For many years I kept it secret. I suppressed my emotions and lived with a great deal of emotional pain that eventually also made me physically ill.

I was led to a post-abortion healing course at Holy Trinity Brompton in London, but I didn’t think I needed to do a course. I thought I had already repented and received God’s forgiveness, and I believed that my pain was the incurable consequence of the choice I had made. I thought I would just have to live with it. I had been living in pain for so long that it had become my identity.

Eventually, I decided to give the course a go and registered on the day it started. This was one of the best decisions I have ever made. I discovered that I was not alone and that many women go through very similar experiences after their abortions. I also discovered that what I was going through has a name; I was suffering with ‘Post-Abortion Stress’.

During the course, we were encouraged to identify and face our emotions. The leaders were extremely supportive, patient and understanding, creating a welcoming and genuinely caring atmosphere.

I decided to give it all I had, as I had nothing else to lose. I diligently followed all the instructions, doing my homework and writing out and meditating on the recommended Bible verses.

During the course I allowed my bottled up emotions to come to the surface. I found that it was necessary to identify each emotion to deal with it. The old wound was opened up; sometimes this was very painful, but in my darkest hour I cried out to Jesus and he answered through a series of powerful personal revelations of what he had done, who he is and who I am in him.

I have come to know him deeply – I understood his heart for me – and learned my value and who he made me to be. I have been able to deal with the biggest issue I faced – my inability to forgive myself.

I have now forgiven myself and learned the need of abiding in him and his presence.

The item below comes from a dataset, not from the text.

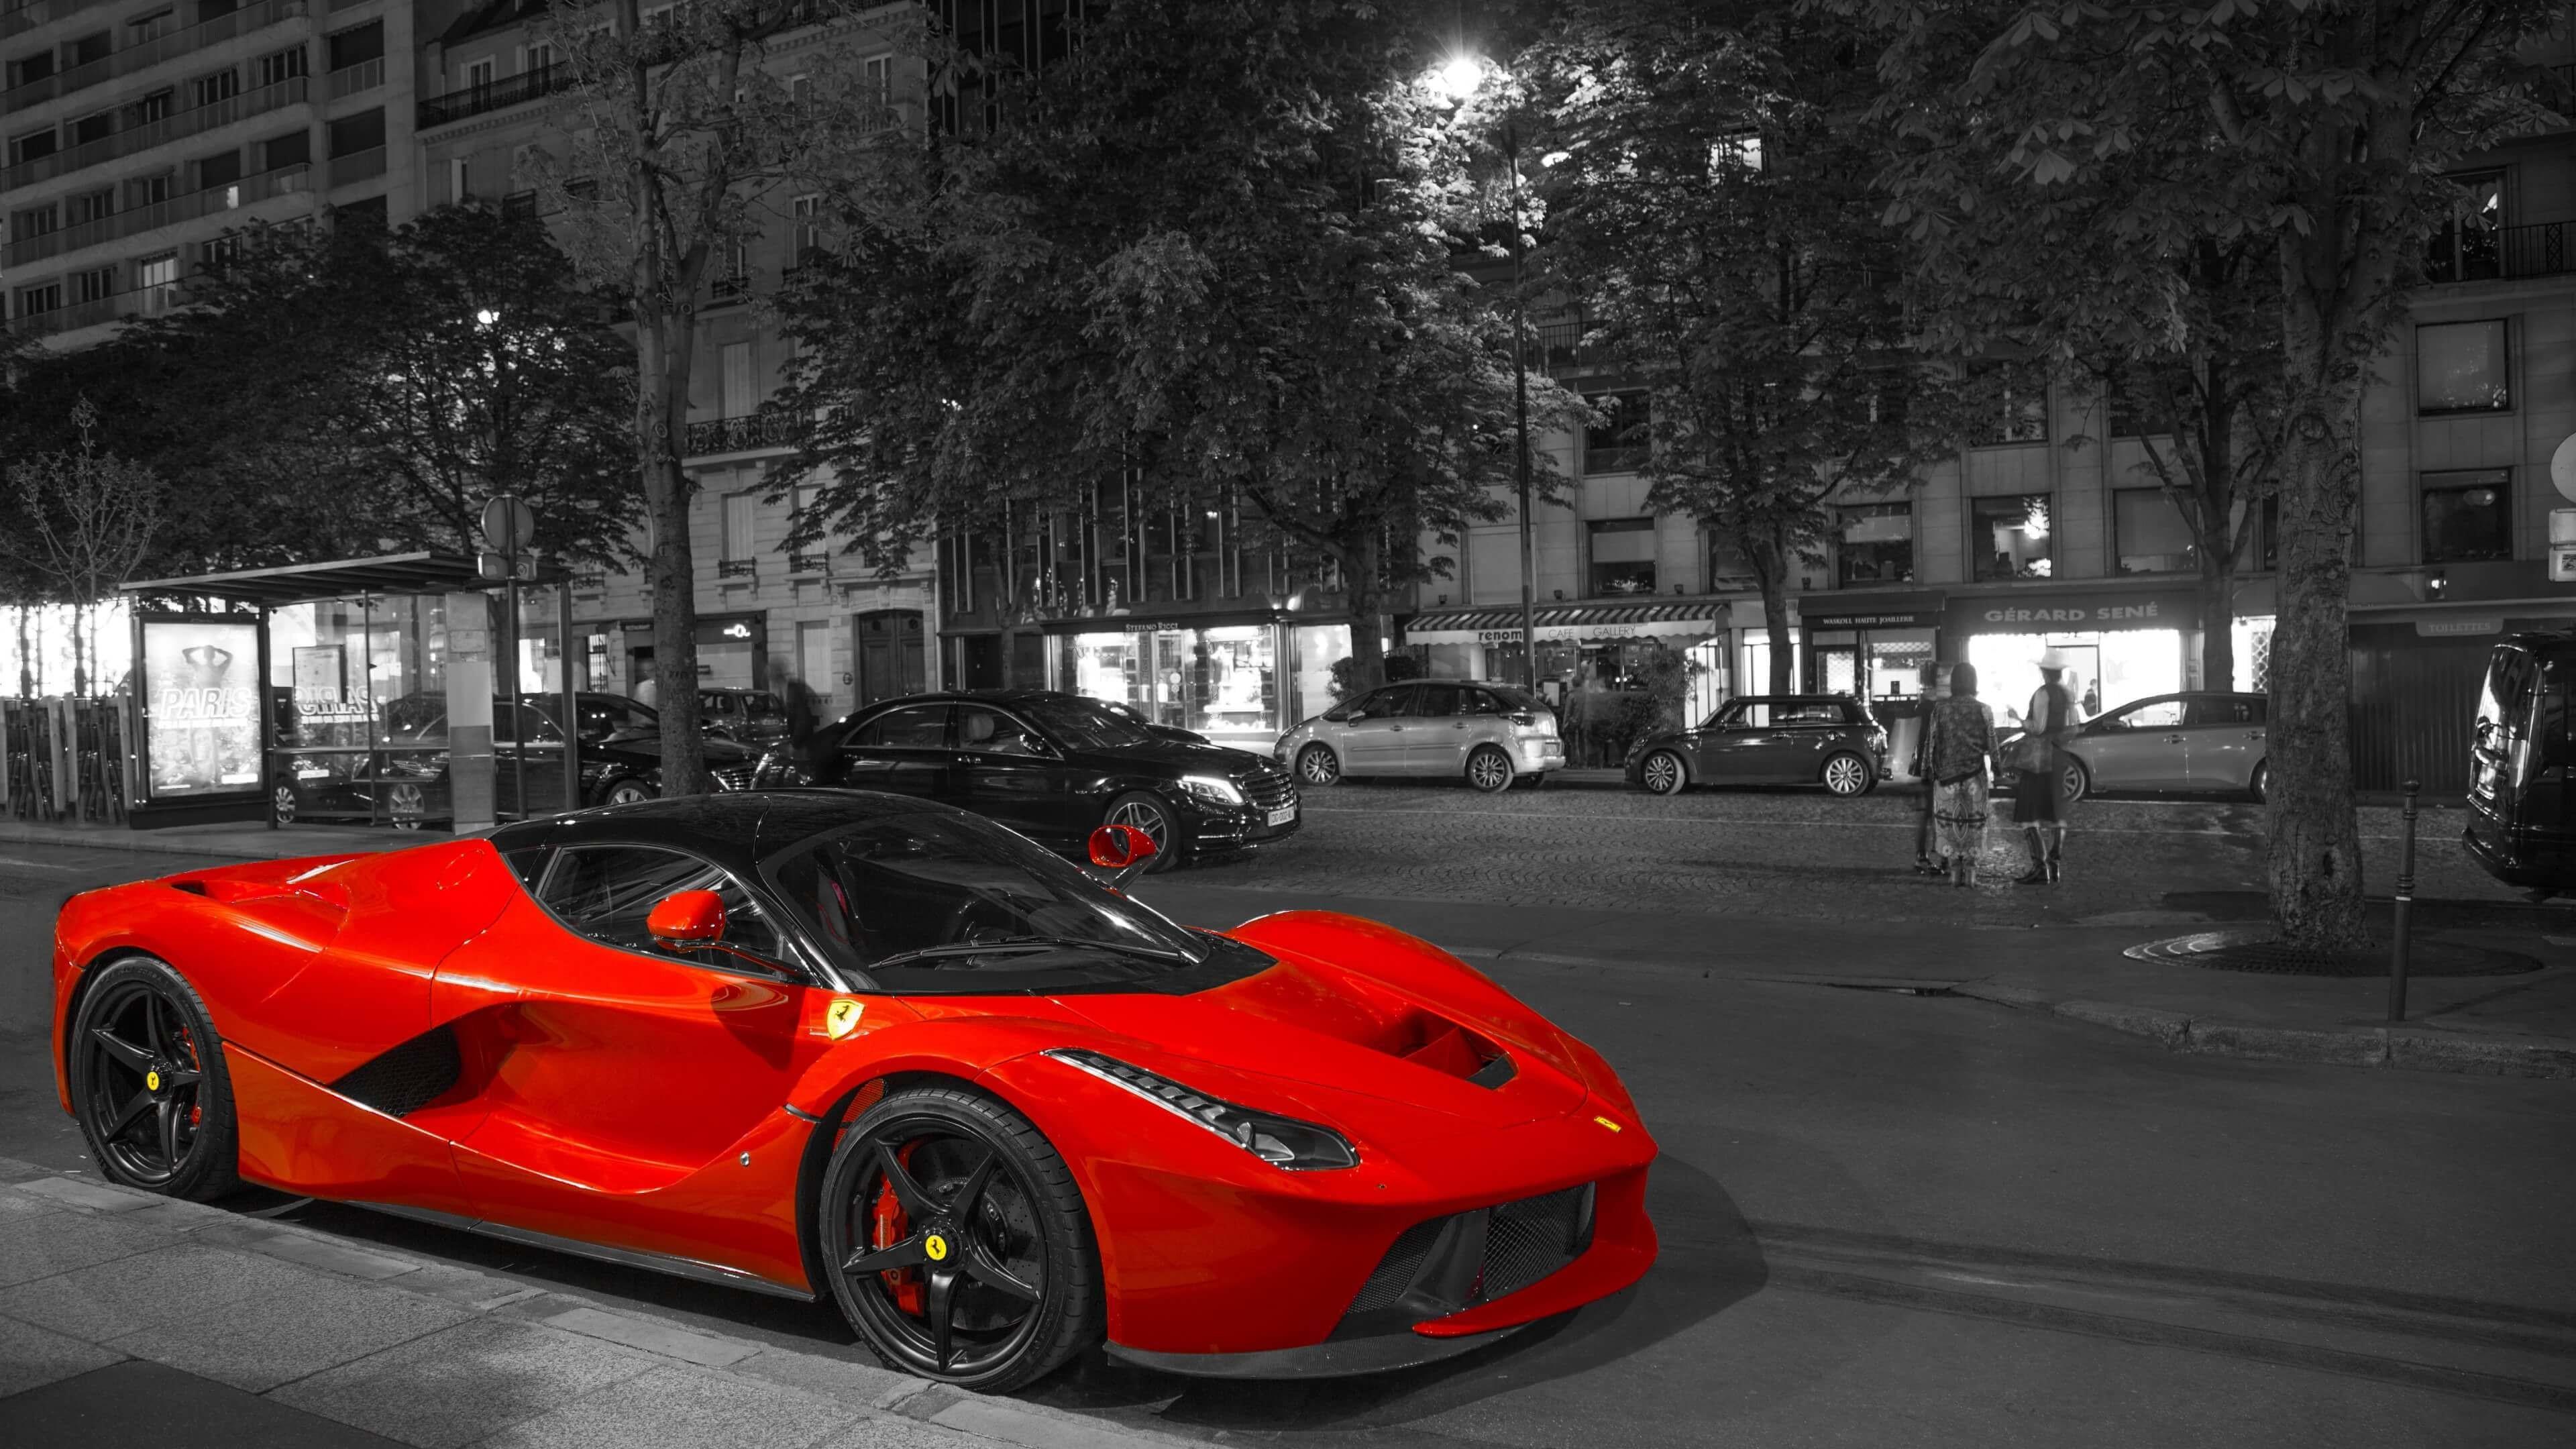 Ferrari LaFerrari Color Effect wallpaper

I have been set free and healed from my pain.

“The Spirit of the Lord is on me, because he has anointed me to proclaim good news to the poor. He has sent me to proclaim freedom for the prisoners and recovery of sight for the blind, to set the oppressed free, to proclaim the year of the Lord's favour” (Luke 4:18–19).

I believe that complete restoration is possible and that God’s desire is for his church to be set free and restored to walk in his presence. Through knowing who he made us to be, we can do the work that he has prepared for us to do from the beginning of time.